The protection mitigates the stack smashing techniques, which I'm
familiar with at conceptual level, and only superficially at
practical level.

1. _FORTIFY_SOURCE
2. x86_64 assembly
3. Various buffer overflow protection techniques
4. The stack goes down
5. Also
6. Updates (edit from a few days later) <- Acquired wisdom.

== 1. _FORTIFY_SOURCE

The first result on duck duck go leads to this article by
red-hat.
https://www.redhat.com/en/blog/enhance-application-security-fortifysource

In a nutshell, the idea is to detect problems arising from the
[mis]use of a few well-known functions. This is done at compile
time when possible (e.g. constant parameters are wrong), and at
runtime otherwise. The runtime check is achieved by means of
special versions of the original call (e.g. memcpy being replaced
with __memcpy_chk).

It is easy to understand how it works, even if the discussion is
about x86_64 while I'm working with ARM architectures. Also, I'm
not very used to assembly since I mostly work with C.

== 2. x86_64 assembly

A useful book on the topic.
https://en.wikibooks.org/wiki/X86_Assembly/

Even if this is not my target platform (I'm on ARM), I
appreciated a few interesting details.

In the "Address operand syntax" syntax there are a few examples
about the operands. Interesting how the Load Effective Address
(LEA) operation is handy to do some math.

I had to rehearse the meaning of a few registers: the use of %ebp
as a base address for local variables, and I learned a little
about the segment support, which is disabled in favour of paging
on modern operating systems, but still in use for thread specific
data (see the segment registers FS GS)

What I find hard of assembly is that it is mainly about
conventions, and not working on this stuff often, it is difficult
to keep them in mind.

== 3. Various buffer overflow protection techniques

https://en.wikipedia.org/wiki/Buffer_overflow_protection

== 4. The stack goes down

Reasoning up from the Wikipedia article above, the variables are
positioned by design in a way that fosters stack smashing (with
the beginning of a buffer positioned on an address which is
lesser than than control information and return address => write
beyond boundary overwrites them).

Would it work to have an upwards-growing stack?
https://security.stackexchange.com/questions/44801/smashing-the-stack-if-it-grows-upwards

Short answer: no, it just improves the protection of the
"closest" stack frame, but that's hardly an improvement.

== 5. Also

Keep intermediate object codes with CMake: pass
'--debug-trycompile' when invoking cmake.

== 6. Updates (edit from a few days later)

After studying the matter, and getting some clue on how stack
smashing protection works, I started to experiment on the target
system. The target is a bare-metal build (no operating system)
on a ARM CPU.

We are using Newlib, in which I could find some code implementing
some stack smashing protection. Such code relies on file
descriptors and such, which are not available in our firmware.
So I was expecting -D_FORTIFY_SOURCE to produce some link-time
issues at least, but I did not see anything.

Unsurprisingly, I tried to smash the stack on purpose with no
effect.

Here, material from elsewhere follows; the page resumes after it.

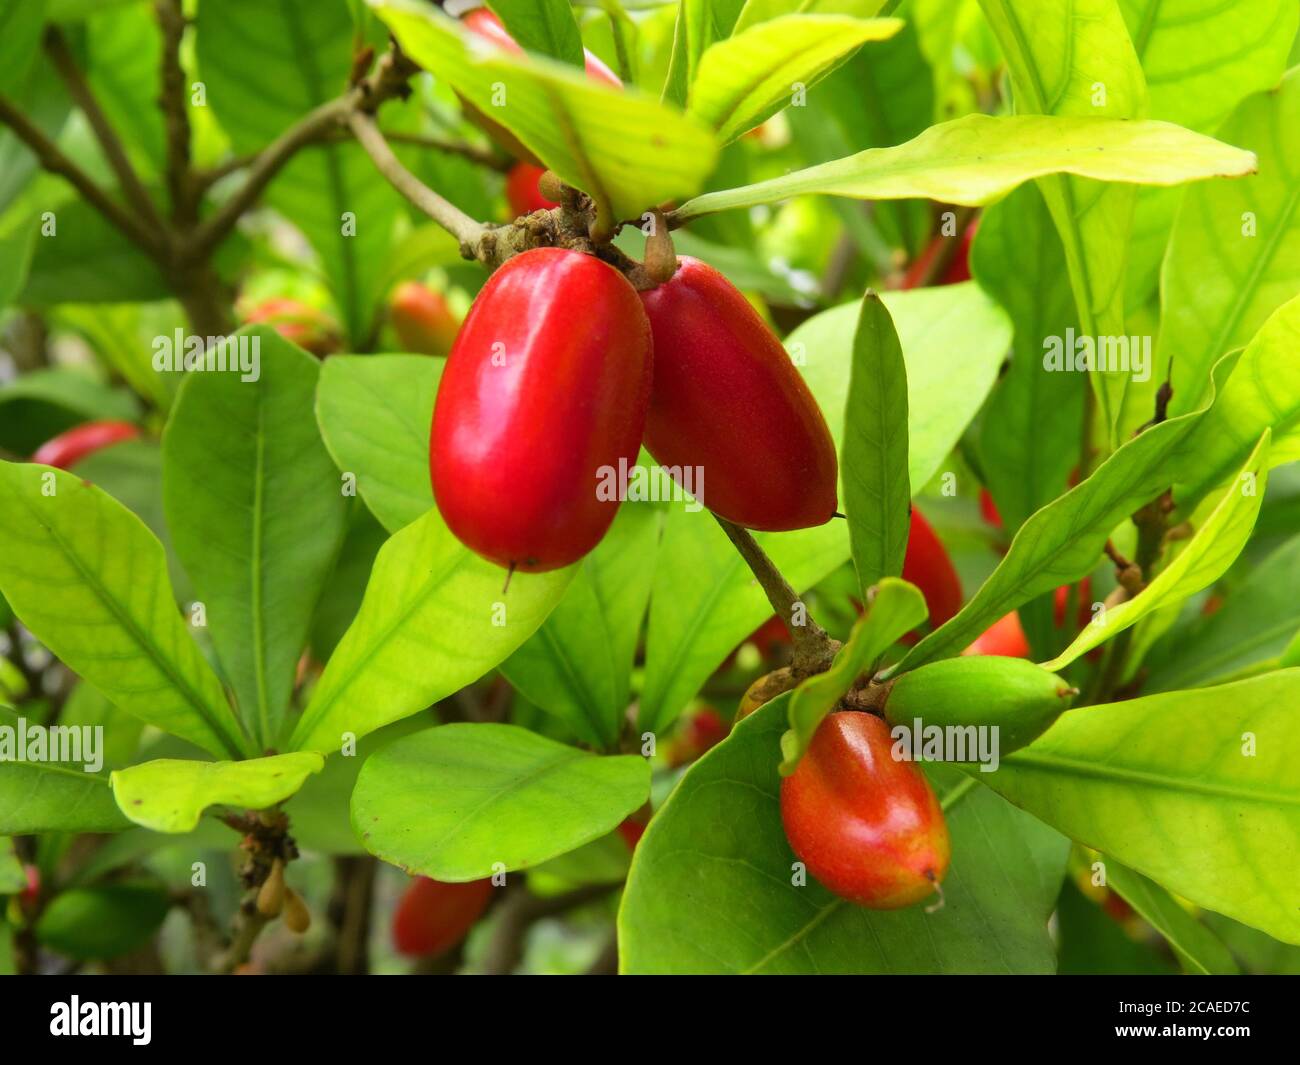 Closeup shot of red Miracle fruit on a branch in a garden on a sunny afternoon Stock Photo

Then I did a comparison among binaries compiled with and
without the macro: nothing changed at all.

Later (next working day) I gave another try, using
-fstack-protector instead of _FORTIFY_SOURCE. This time I
started to see some linking problem, which meant I was on the
right track.

A quick analysis of the object file (`objdump -t`) showed
that the compiled code was depending on a symbol called
__stack_chk_fail. A disassembly (`objdump -D`) showed how
this is implemented: a canary value and conditional jump
(assembly instruction bl) to __stack_chk_fail.

I used the --wrap linker flag to replace the unsuitable
__stack_chk_fail handler from Newlib with a function called
__wrap___stack_chk_fail, that I implemented.

The handler implementation is simple: print an error message on
the UART and halt the firmware execution.

A little but nice detail is that the error message shows the
content of the lr register. The lr register is set with the
return address by the bl assembly instruction, so by printing it
the handler can tell were, in the object code, the stack smashing
happened.